De RvdK zal voor de uitvoering van de Discriminatietoets een projectteam samenstellen, waaraan ook externe deskundigen en vertegenwoordigers van cliënten deelnemen. (Oud-)cliënten die zich eerder bij het Verwey-Jonker Instituut hadden gemeld, worden uitgenodigd om in het kader van deze Discriminatietoets hun ervaringen te delen. De verwachting is dat de RvdK medio 2026 het definitieve eindrapport publiceert. Het concepteindrapport zal vooraf expliciet ter validatie worden voorgelegd aan externe belanghebbenden, zoals cliënten(vertegenwoordigers), onafhankelijke deskundigen en organisaties als de Staatscommissie tegen Discriminatie en Racisme en de Nationaal Coördinator tegen Discriminatie en Racisme.
Ik wil eerst de resultaten van de inzet van de Discriminatietoets afwachten, voordat er wordt besloten over vervolgonderzoek.
Deelt u de mening dat kinderen van verschillende sociaaleconomische of etnische achtergronden gelijke toegang zouden moeten hebben tot alternatieve vormen van jeugdstrafrecht, zoals bijvoorbeeld taakstraffen of een sepot met voorwaarden? Hoe gaat u ervoor zorgen dat deze toegang gelijk wordt getrokken?
Ik deel deze mening. Ik vind het bovendien van belang dat zorgvuldig wordt afgewogen wat voor jongeren de best passende aanpak is. Het jeugdstrafrecht heeft een pedagogisch karakter met als algemeen uitgangspunt het voorkomen van recidive. Daarom worden voor jongeren interventies ingezet die aansluiten bij hun recidiverisico, behoeftes en vermogens om dat risico te verminderen. Gelijke behandeling betekent dus ook dat er maatwerk wordt geleverd: voor iedere jongere wordt de best passende interventie gezocht.
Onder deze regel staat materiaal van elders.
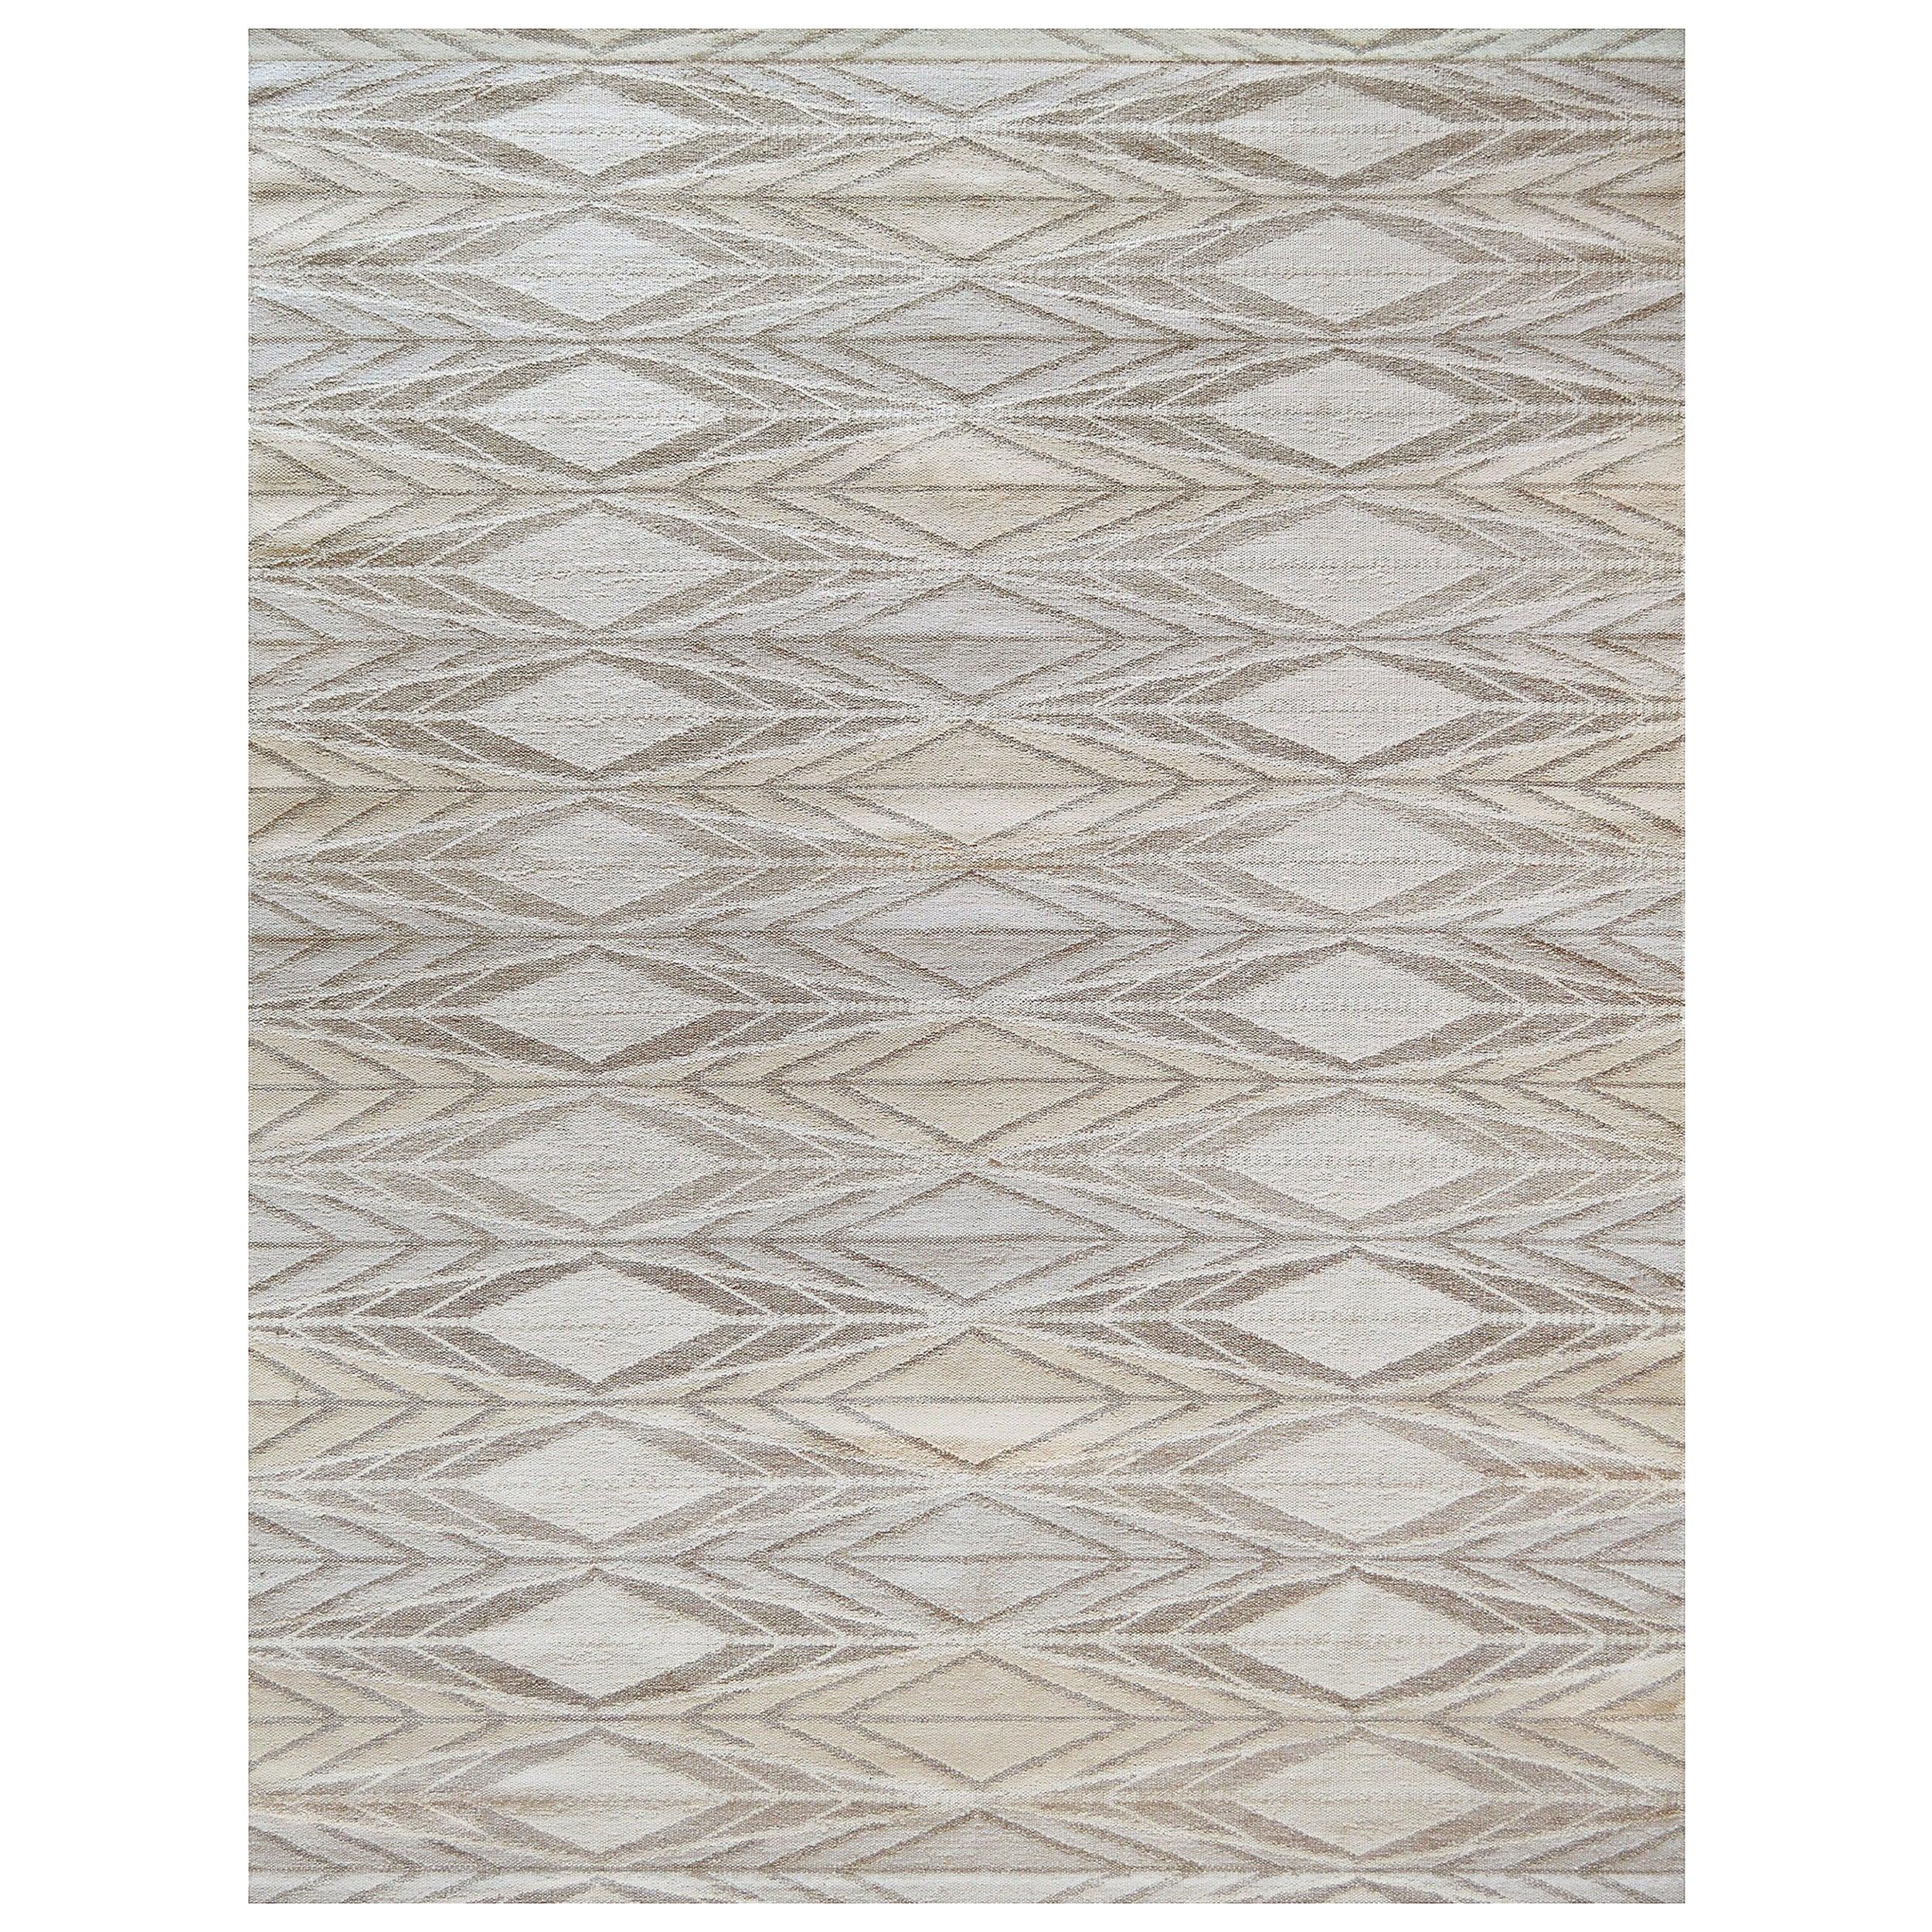 Handwoven Swedish Kilim Inspired Wool Rug

Dit wordt mede gebaseerd op het adviesrapport van de RvdK, waarbij voor het opstellen gebruik wordt gemaakt van een gestructureerd risicotaxatie-instrument (Ritax/LIJ).9 Met de Ritax worden de risico- en beschermende factoren van jeugdige verdachten in kaart gebracht en passende interventies geadviseerd. Door met het instrument Ritax te werken wordt er dus voor gezorgd dat jongeren met een vergelijkbare situatie op dezelfde wijze worden onderzocht en een passende aanpak krijgen.
Wat vindt u van het feit dat taakstraffen van jongeren met een migratieachtergrond of uit gezinnen die in armoede leven vaker als «mislukt» worden bestempeld? Hoe reflecteert u op de gevolgen die dat teweegbrengt voor deze groep kinderen, zoals een zwaardere vervolging? Welke maatregelen gaat u nemen om ervoor te zorgen dat taakstraffen ook bij deze groep jongeren effectief is?
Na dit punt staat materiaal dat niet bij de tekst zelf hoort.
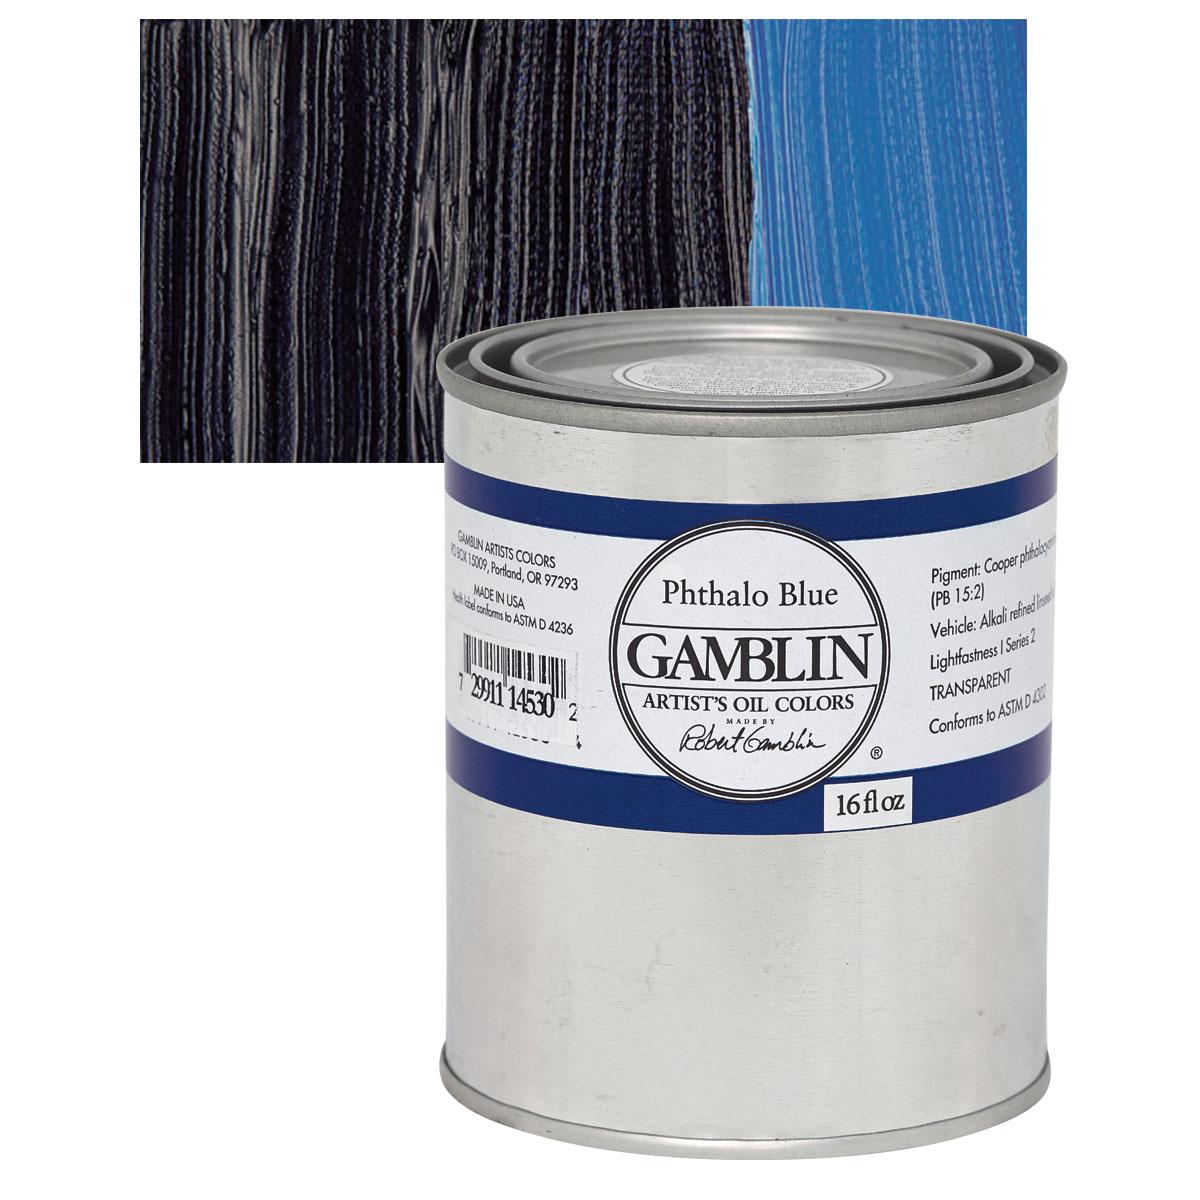 00401 5146 Gamblin Artists Oil Colors Blick Art Materials Pantane Color

Uit het onderzoek van het Verwey-Jonker Instituut blijkt dat in het algemeen bij 79% van de jongeren de taakstraf als geslaagd beoordeeld wordt door de RvdK en dat dit percentage bij jongeren met een migratieachtergrond of uit gezinnen die in armoede leven lager ligt.10 Het onderzoek geeft echter geen verklaring voor dit verschil in de slagingspercentages. Ook hier kunnen meerdere factoren een rol spelen. De kans dat een taakstraf niet positief wordt afgerond kan ook samenhangen met factoren die niet gemeten zijn in het onderzoek, zoals de persoonlijke omstandigheden van de jongere, de aard en ernst van het gepleegde delict, en/of er eerder strafbare feiten zijn gepleegd (recidive).
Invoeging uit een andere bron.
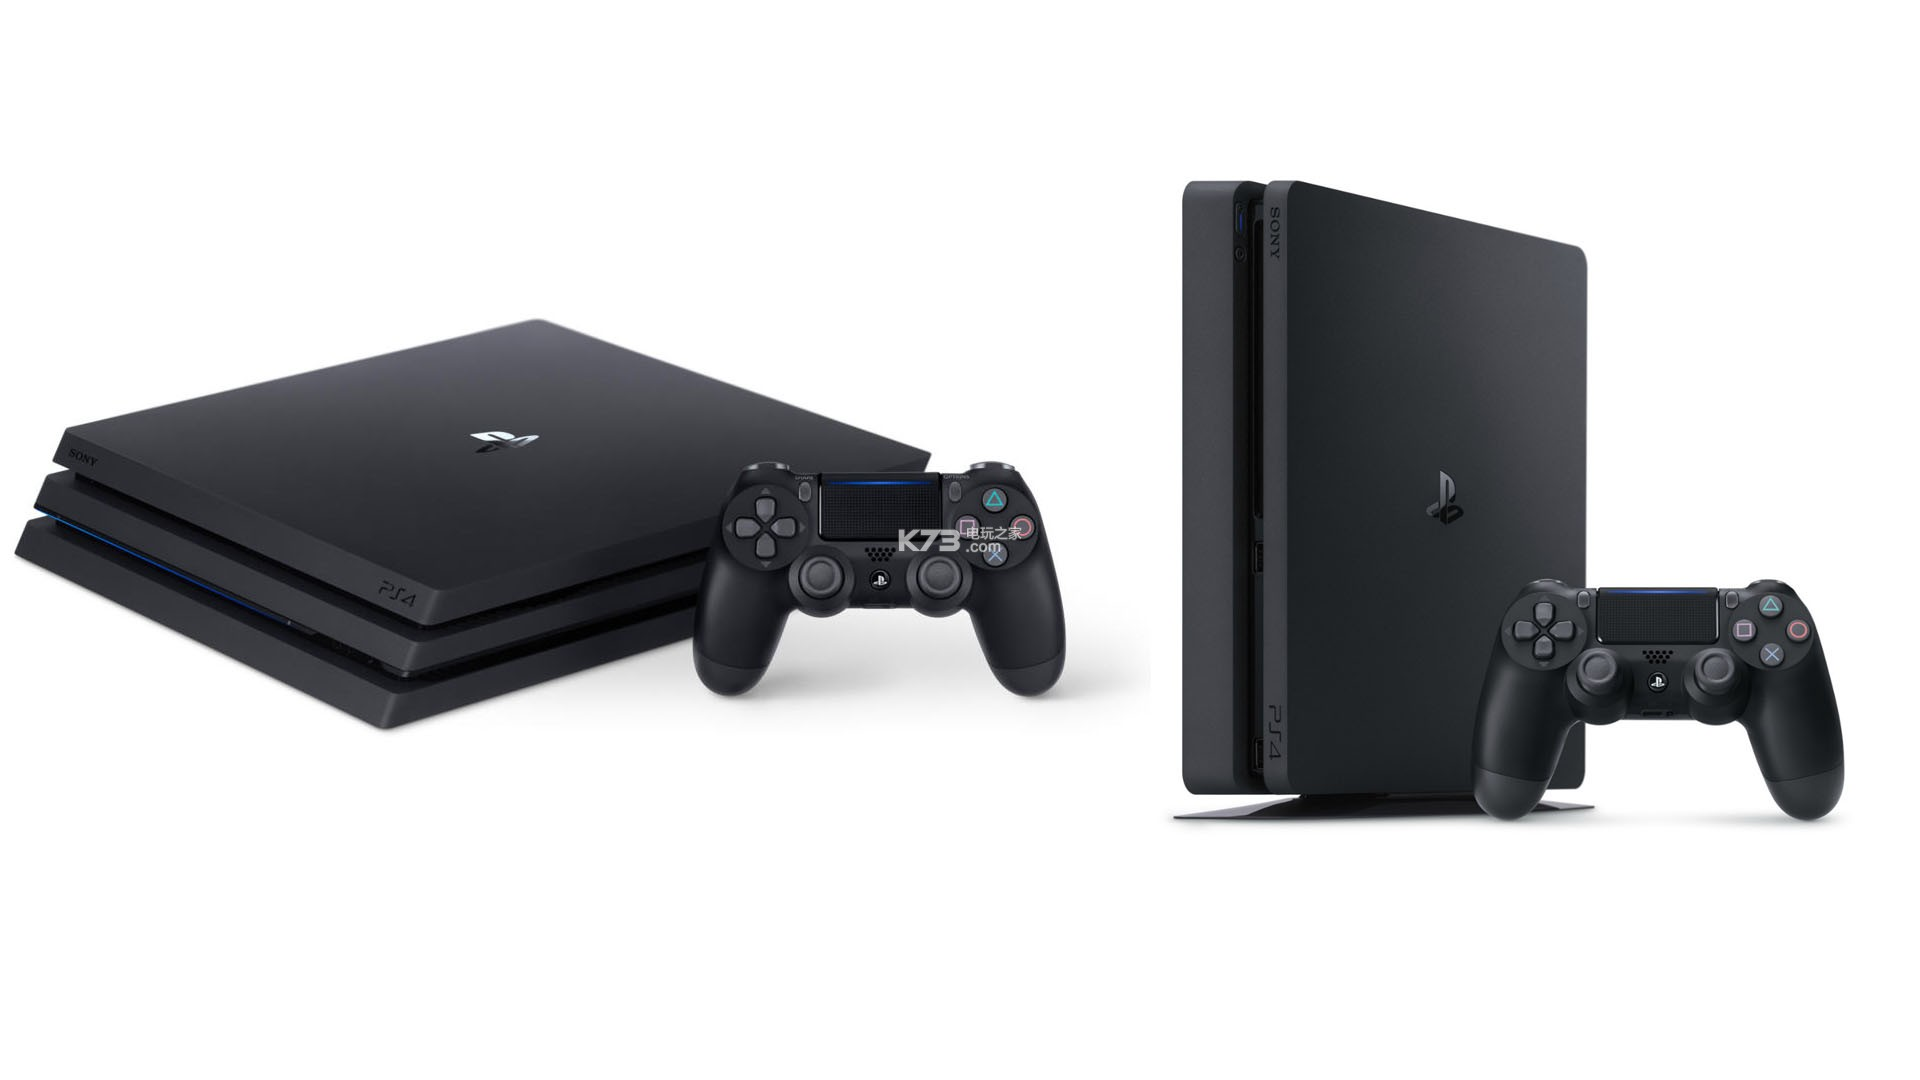 PS4 Pro&PS4 Slim国行确认 上市日期未公布

Uiteraard ben ik van mening dat wanneer blijkt dat dit uitsluitend aan de migratieachtergrond van de jongere ligt, deze praktijk zo snel mogelijk gewijzigd moet worden. Of dit daadwerkelijk aan de orde is moet echter nog blijken uit de inzet van de Discriminatietoets, zoals genoemd onder vraag 5. Tegelijkertijd leidt deze Discriminatietoets direct tot een aanpak van een dergelijk verschil, mocht dit zich voordoen bij jongeren met een migratieachtergrond.
Bij de RvdK wordt daarnaast voortdurend gewerkt aan het verbeteren van de methodiek voor de taakstraffen en richten de coördinatie en begeleiding van taakstraffen zich specifiek op het succesvol volbrengen van de taakstraf. Zo wordt op dit moment door de RvdK een pilot modulaire taakstraffen11 uitgevoerd om na te gaan of door een modulaire opzet het slagingspercentage kan worden verhoogd, in het bijzonder bij jongeren waarbij het slagingspercentage relatief laag is. Medio dit jaar zal het evaluatieverslag van de pilot beschikbaar zijn en zal ik met de RvdK bezien of en op welke wijze een modulaire opzet het slagingspercentage kan verhogen. Ook hier zal de RvdK de genoemde Discriminatietoets inzetten om te onderzoeken of in vergelijkbare situaties ook eenzelfde oordeel over de taakstraf wordt gegeven en wanneer dit niet het geval blijkt dit direct aan te pakken.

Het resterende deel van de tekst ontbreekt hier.